Now to Google Trends and what it reveals about the “pulse” of the industry simple by measuring which topics people are searching for on the Internet. The chart below compares the search for the terms “Big Data”, Data Science” and “Machine Learning” over time, between the beginning of 2010 and the end of 2015.
The chart, which represents Google searches originating from the United States only, clearly shows that the interest in Big Data – at least as a search term – has reached a plateau. On the other hand, searches on topics such as “Data Science” and “Machine Learning”are still on the rise. It is also interesting to note that Google Trends shows that the most related search to Big Data is “Big Data analytics”.
Thus, it seems that while the interest in “Big Data” in general has been leveling off, the interest in specific topics such as Machine Learning and Data Science continue to rise. Notice that at some point the term Big Data was broadly address everything that had to do with data analysis on a large scale, including the quantitative disciplines that today we are referring to as Data Science.
Similar trends appear when we look, using Google Trends, at the interest in the technologies that represent “Big Data” and “Data Science” respectively. When we look at the search terms for Big Data related technologies, for example “Apache Hadoop”, “Apache Hive” and the machine-learning-related (with Mlib) “Apache Spark“, we also see a trend that confirms a leveling off of the interest in “Hadoop ecosystem” technologies, and growing interest in technologies that are more focused on the processing and analysis of non-relational data repositories.
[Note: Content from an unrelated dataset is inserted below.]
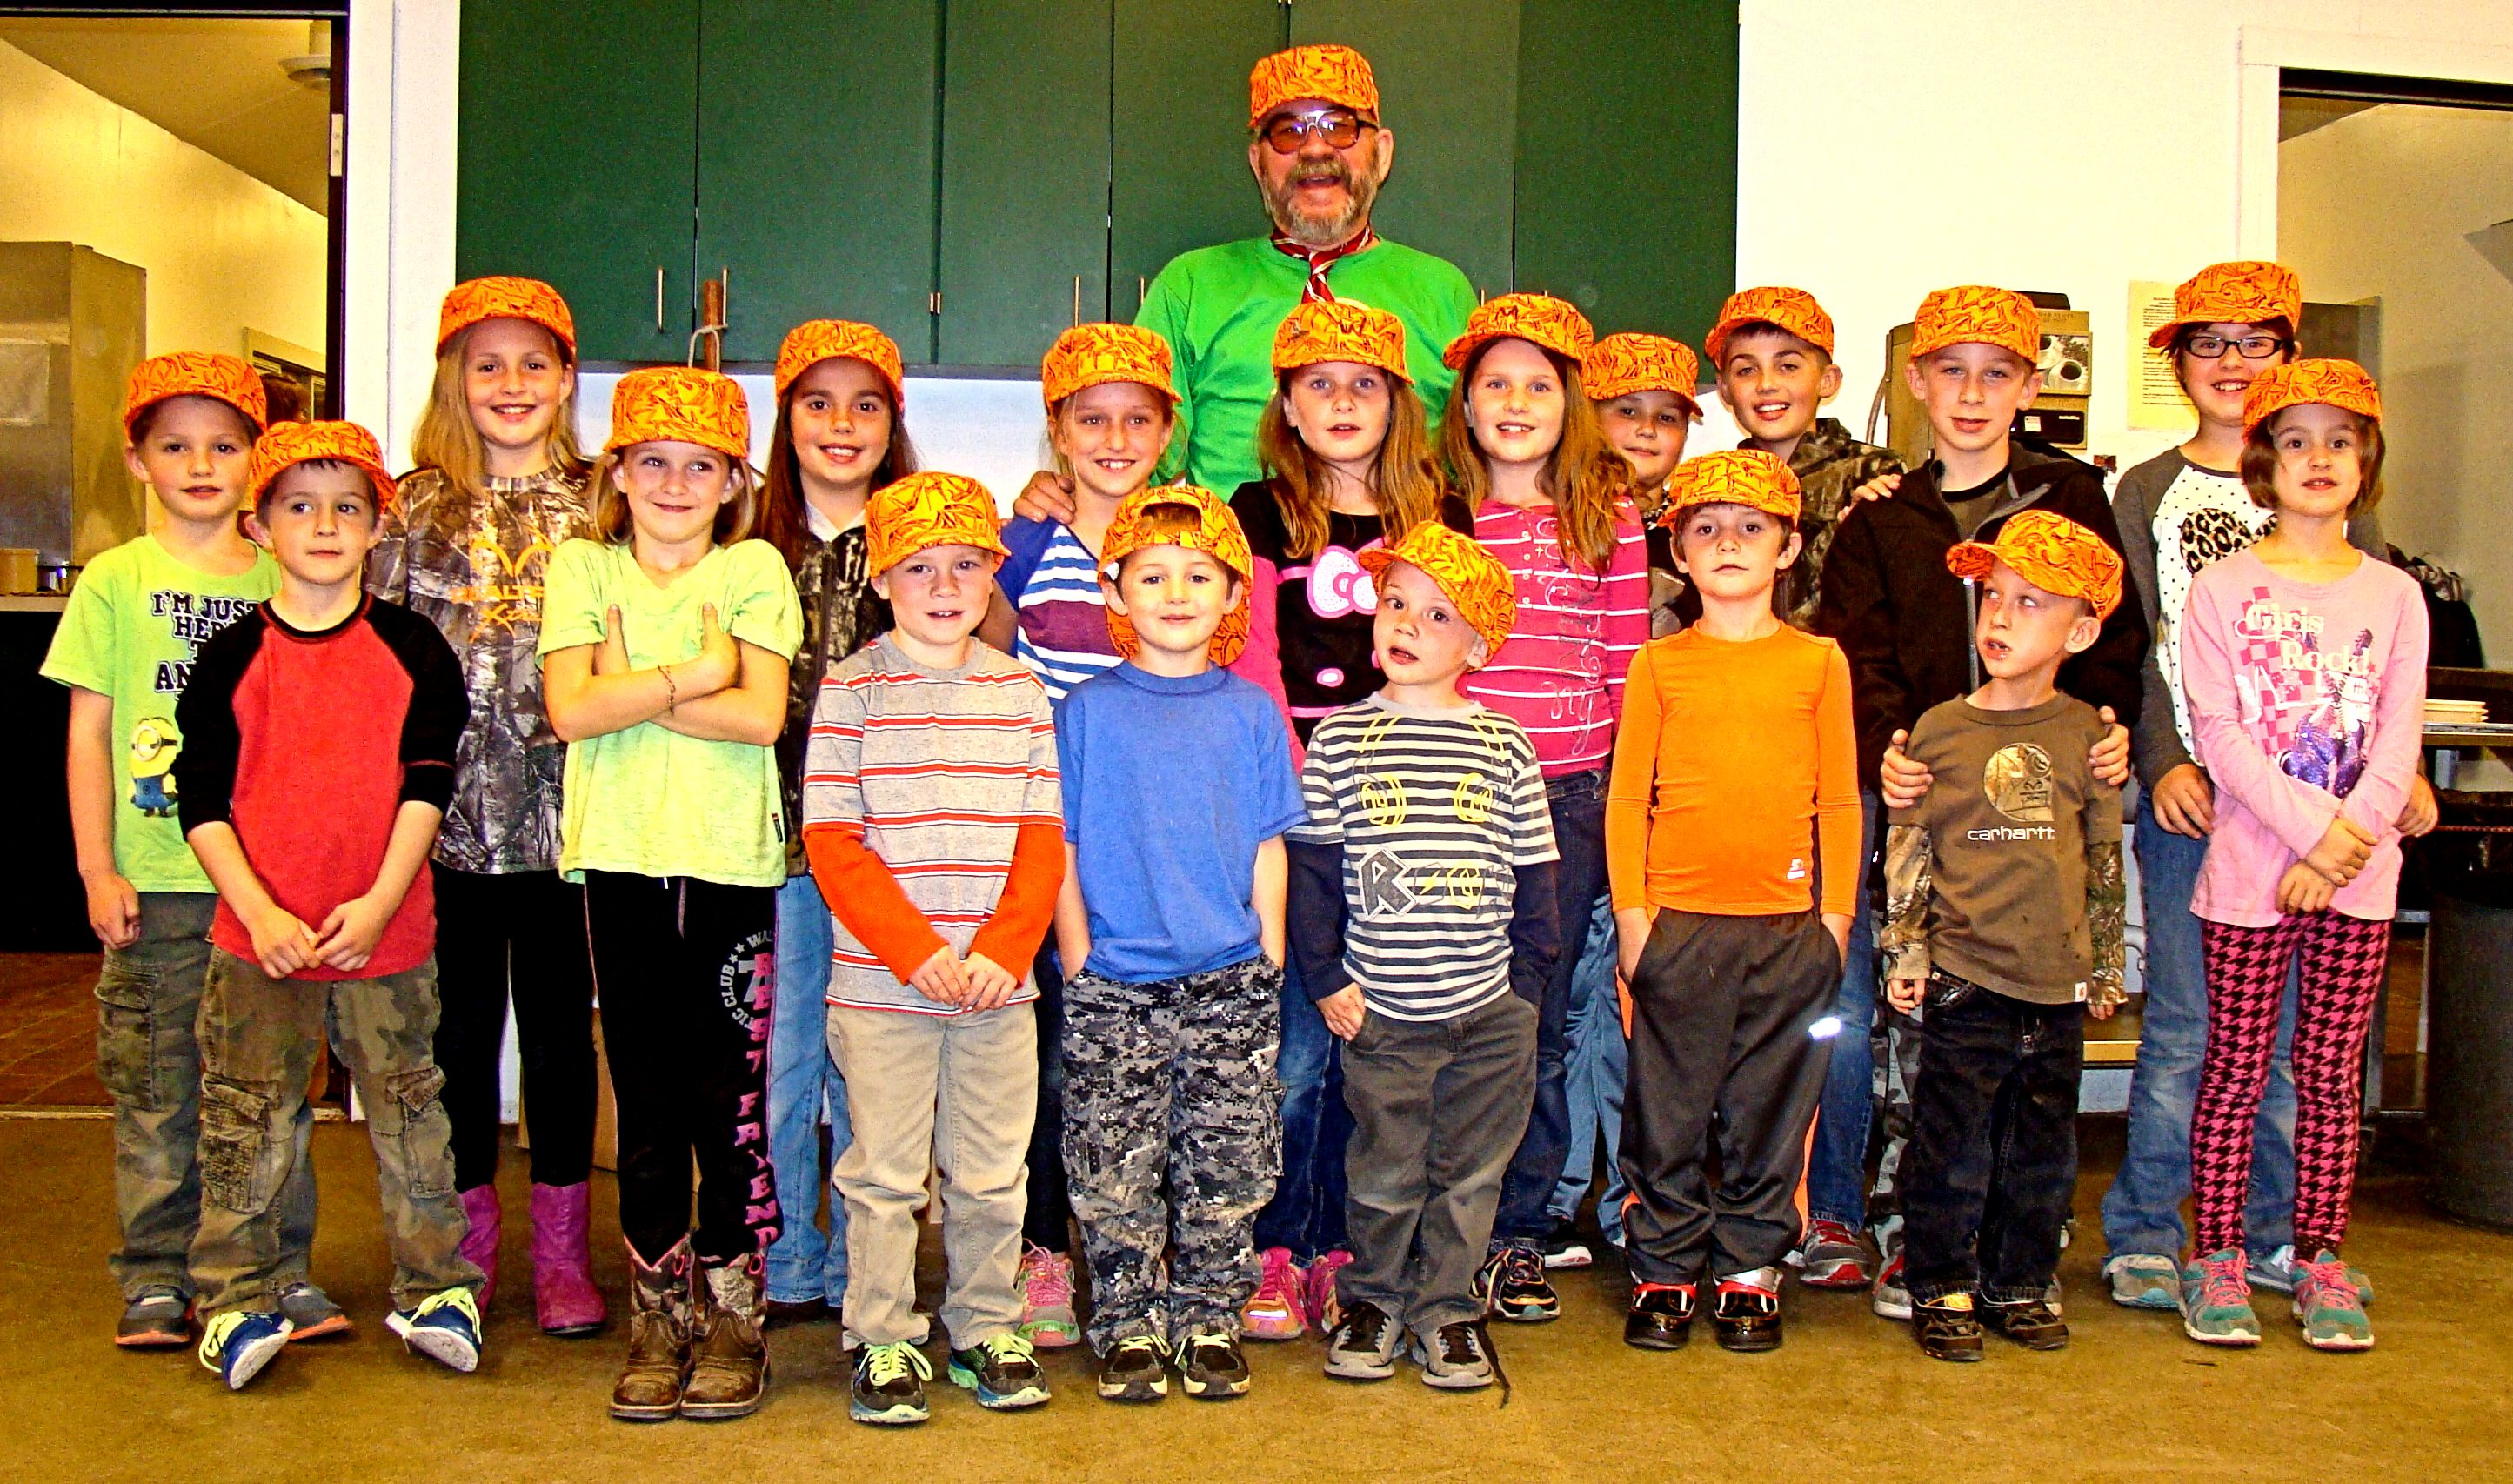 Here is one good looking bunch or the "Little People" who attended this year's UFFDA Hunt wearing their special UFFDA hats and surrounding the biggest kid at the hunt.

So, what is all this telling us? Well, first of all that Data Analytics is still very relevant to businesses, and that the focus is shifting from data infrastructure to advanced analytics. Whether the “Big Data” hype was just a hype or not, only time will tell; however, it has brought the attention back to data-driven decision making.
Many of us have been here through the waves of keywords describing the Art and Science of understanding, transforming and modeling large data sets: Knowledge Discovery, Data Mining, Analytics, Big Data, Machine Learning,… Not a lot has substantially changed under the sun, except for the scale of the data available and the refinement of modeling tools, nor has the relevance of driving business decisions through quantitative data patterns.
My conclusion is this – the practice of data analysis has gone through a series of hype-and-bust cycles, but every cycles takes us to a noticeable higher level of adoption, competence and actual change. It is everyone’s guess which new data-related technology is going to drive the next cycle, but no matter what, it will be welcomed.